22 December 2007

"The Doctrine of Bethlehem" - part 4

Part 4 continues where Part 3 left off and runs through the end of Chapter II of The Presence: An Approach to the Holy Communion:

The only thing which can satisfy man’s heart is to love God so completely that man becomes the channel of the divine love to his fellowmen. The only love which will affect our fellow men is the supernatural love. All other love is tainted with self-interest, and this is the reason why we often fail—because we do not love enough with the divine love. If we could only love with the divine love, then our duties to God and to our fellowmen would become an expression of our divine love. This is the one thing we must ever seek in Bethlehem—that Bethlehem begets in us that divine love—a selfless, supernatural love, which is the Bethlehem love, a love which alone can ease the heartache of the world.

When we fail in our relationships with our fellowmen, either at home or in business, it is because our love is tainted with self-interest. But it is only the divine love which can make us irresistible.

And this love can save society. The world is always tense with wars, revolutions, global planning. If it is not one thing it is another. Labor is tense, capital is tense—dissatisfaction. The result is more revolution. Why does man revolt? He revolts because he is dissatisfied. That much he knows. The laboring man knows, perhaps only subconsciously, that he has not been created to be a machine, a cog in the wheel of selfish, materialistic civilization, and he rebels against such an order of things. Still he may not know the true reason for his dissatisfaction, which is that man has been made for union with God, and nothing else can satisfy him but that. An eight hour day, minimum wage scales, proper housing conditions, are not the answer. Bethlehem is the answer to the labor problem, for Bethlehem means union with God. And why is the employer, the rich man, so often unhappy? You say that he has everything—no financial worries, every luxury, beautiful homes, shiny cars, money in the bank, security; but he is unhappy still—discontented. Why? Within yourself you think; if I had his money I would never complain again! Oh yes, you would. This man is unhappy despite his money and luxuries because deep down in his soul he knows that he has not been made for money. He has not been made for riches. For after he has accumulated his fortune, he finds himself still dissatisfied. Why? Because he has been made for God.

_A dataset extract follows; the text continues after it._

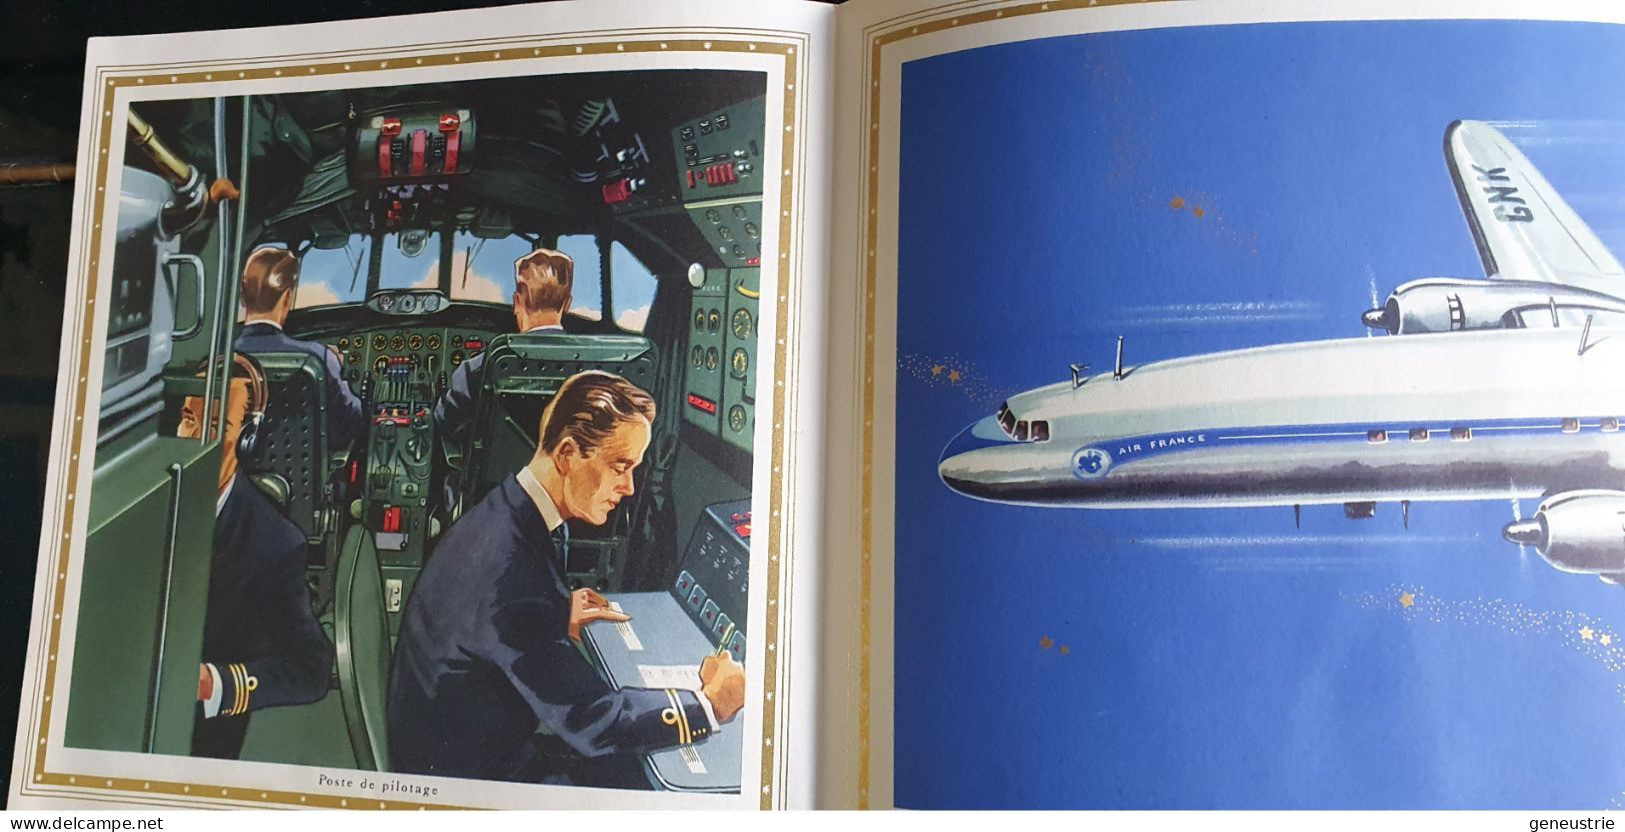 Très Belle Publicité Années 50 "Air France - Avion Super Constellation - Lockeed" - Advertenties
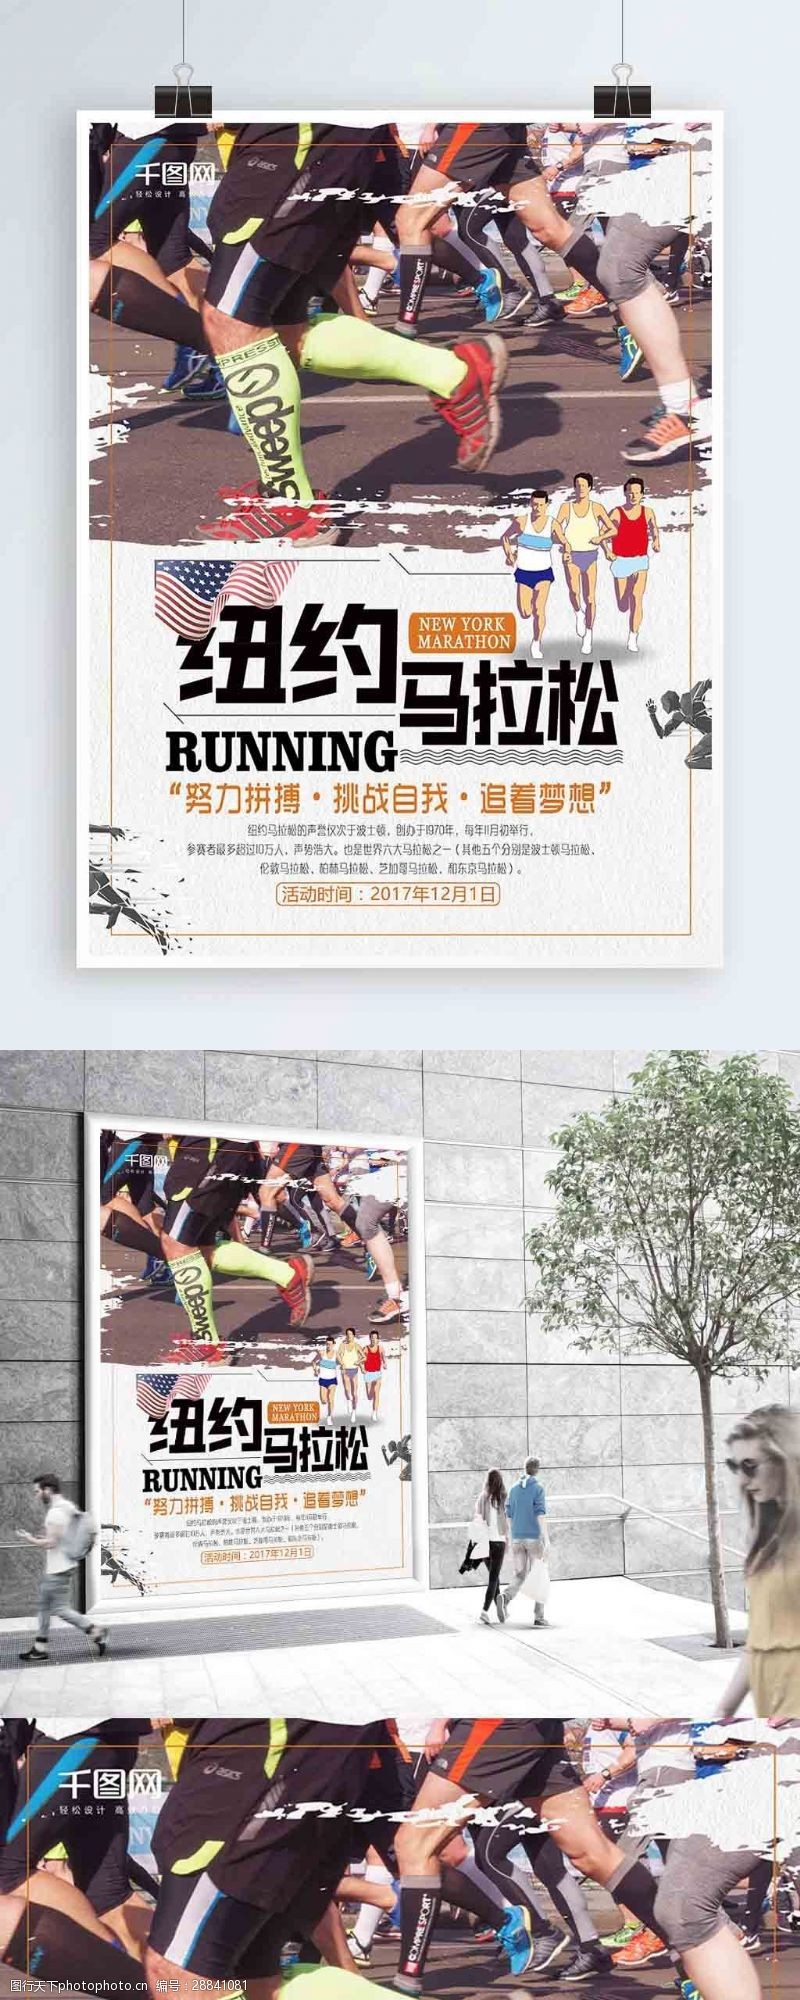 田径比赛创意纽约马拉松比赛宣传海报设计

The only solution, then, for the agony of the industrial world, whether we be in the ranks of labor or capital, is Bethlehem; that divine fact that God came down to earth to lift man up to Himself. Any philosophy, any social order which ignores it, is bound to lead to hell. There are two conflicting forces in life: Good and evil; love and self; God and the devil; Heaven and hell. And if you find the Bethlehem evangel in your life, then Love and Heaven are yours. If not, you will read hell. The reason we have hell in our national, political, social and domestic life so often is that men have lost the way to Bethlehem. The reason we church-members are so impotent is that we too often lose sight of the way and, therefore, cannot direct others back to Bethlehem (pp. 47-48).